| ||||||||||||
I seem to be in the minority. Everybody (including fellow Search Insider Aaron Goldman) seems to be jumping on the Bing bandwagon. It's generated some good initial reviews, and Aaron goes as far as to say, "Bing is far and away the most serious challenge to Google that anyone's ever posed."
I'm not so sure. Don't get me wrong. Bing is a good step forward for Microsoft. It shows they're serious about search. But unlike Aaron, I don't think Bing is going to make a significant difference in market share numbers. I think Microsoft will get a temporary blip, causing everyone to rush to pronounce Google's imminent death, and then everyone will go back to searching the way they did before: on Google.
Wanted: Revolutionaries!
Search needs an iPhone. Bing is a Razr. Bing is a repackaging of the same old experience, the same blue links. Microsoft has added some filters and additional navigation. But at the core, there's nothing revolutionary about it. It won't break a habit.
Here's the fundamental problem. Microsoft says search is broken, and Bing is the answer. If Bing is the answer, it must mean that search wasn't really that badly broken. In fact, it must have been barely scratched. Because the Bing experience really isn't that different than my Google experience. Bing narrowed the gap, but they didn't jump to the other side. It seems to me that it wasn't search that was broken. It was Live Search that was broken. And, if we agree on that, than Bing is a pretty effective band-aid.
Register today and save.
What We Need is an iPhone of Search
But what if Microsoft is right (as I suspect they are), and search is broken? What if we could have a significantly better search experience? What would it take to deliver that? It requires scrapping all preconceived notions and starting over. It requires an approach like the iPhone.
The iPhone isn't a mobile phone, it's a mobile Web and computing device. The phone is secondary. The iPhone is in the middle of changing the way we interact with online. We squeeze, spread, stroke, tap and shake. The iPhone also opened up an ecosystem of functionality. The App Store is the true genius of the iPhone: little bits of integrated functionality, making our lives more fun, more productive and more connected. Apple never intended to catch up. It intended to vault over the competition, changing the rules and opening a new marketplace. Apple strategists had nothing short of revolution on their minds.

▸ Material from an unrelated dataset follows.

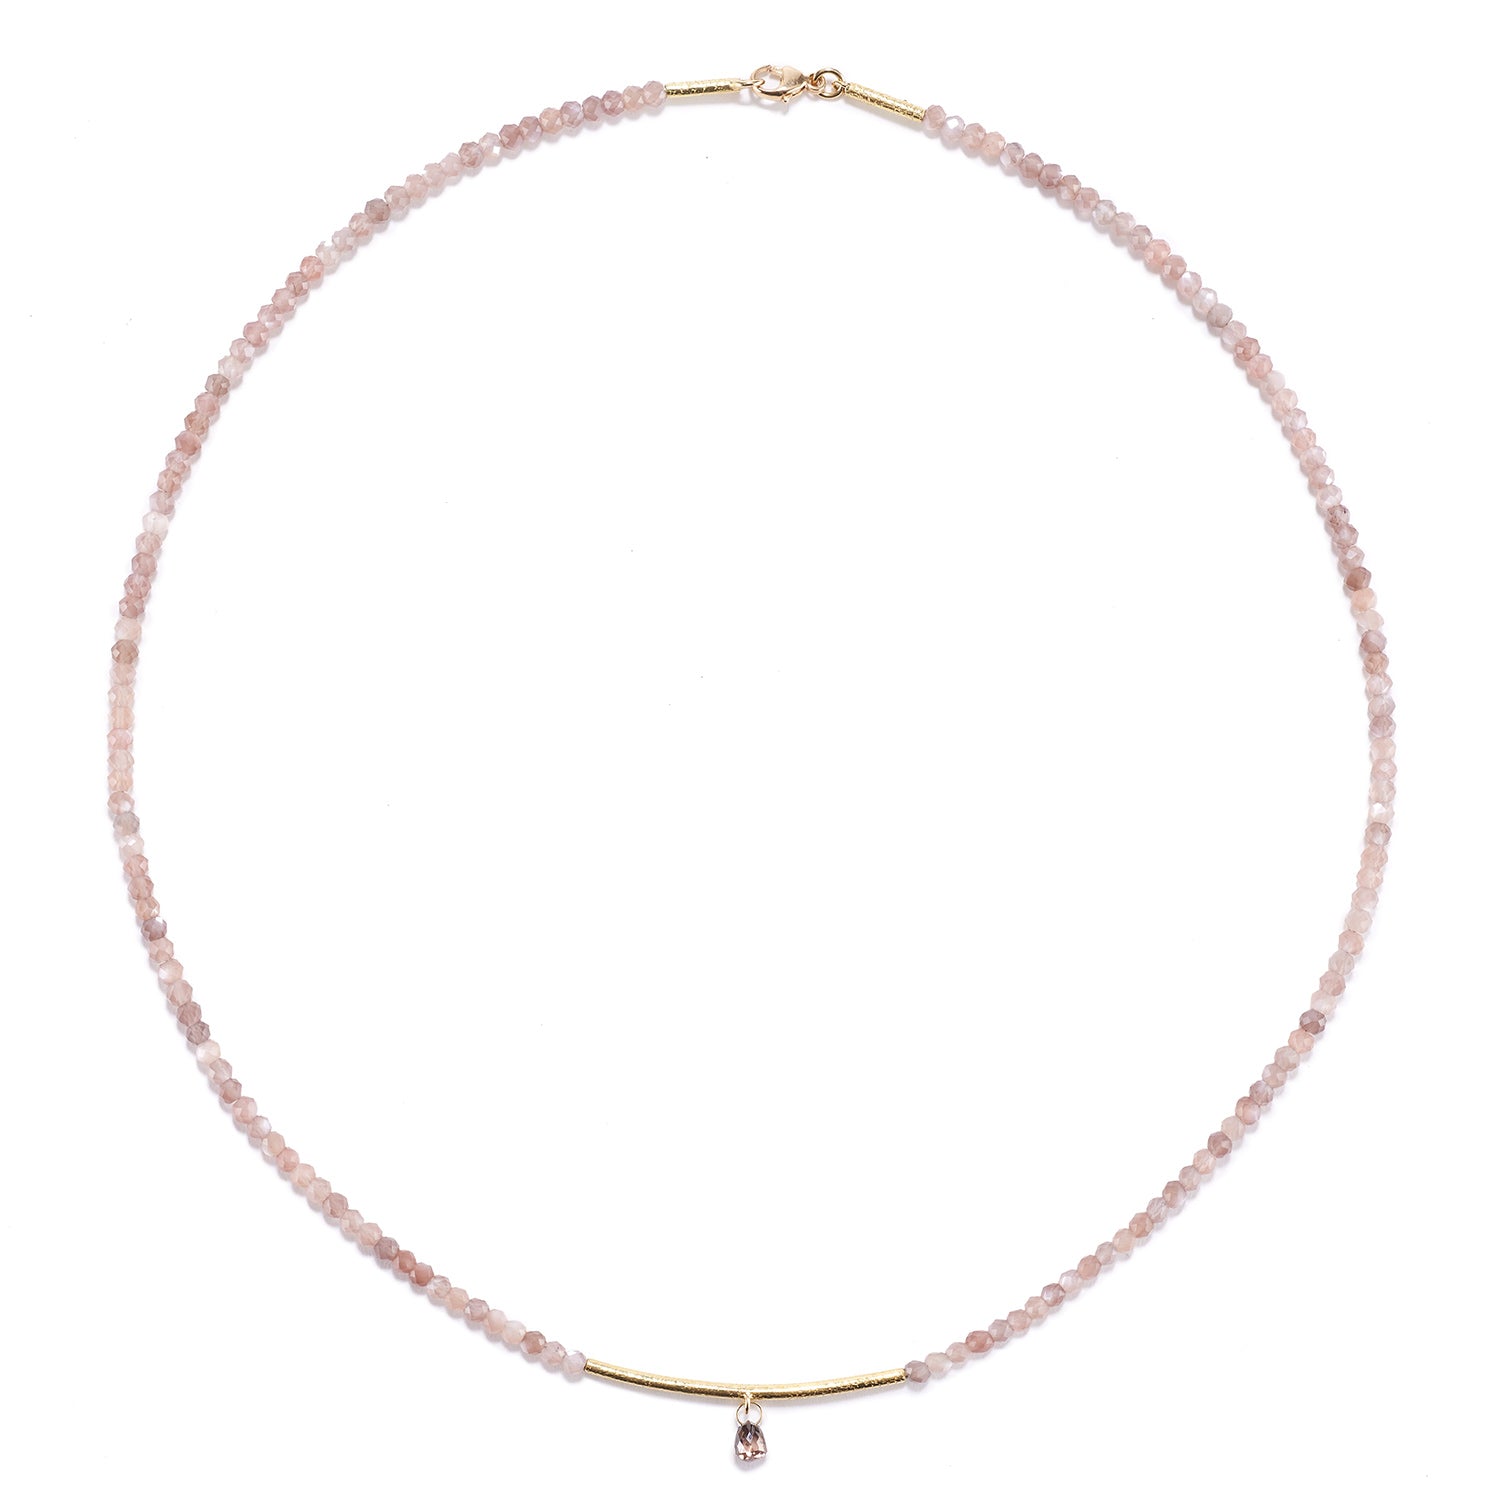 Navette Bar, Moonstone and Diamond Drop Necklace

What Bing has done is heated up the search race again, and that might be the best thing that comes out of its launch. The amount of ink generated already shows that we all want a more competitive search space. Google has had it relatively easy for a long time.
Catching the Wave
Ironically, the most exciting thing I saw last week got lost amongst all the buzz about Bing. Google's Wave does for email what I am proposing for search: it takes the current status quo and completely shatters it. Wave may be an integral piece in a new, richer world of online functionality, delivered to you through the Chrome Browser. Google is slowly assembling a critical mass of SaaS applications that threatens to change our concept of how we do things digitally. As those pieces come together, count on search to be at the core of it.
If I were Microsoft, that's what would be keeping me up at night. Its empire was built on a foundation that's over 20 years old: the concept of desktop applications. It has struggled to move into the new world of SaaS. But Google seems to be getting it and building a new world order around it. Now, that's a revolutionary concept.
**********
Editor's Note: Yesterday's Search Insider was initially emailed to subscribers with the wrong byline. It was Aaron Goldman who wrote it, not Gord Hotchkiss. We apologize for the error and any confusion.




For the sake of readability, here is the same comment again - revised:
Well, well. Microsoft riding on a bandwagon again. It's been a while.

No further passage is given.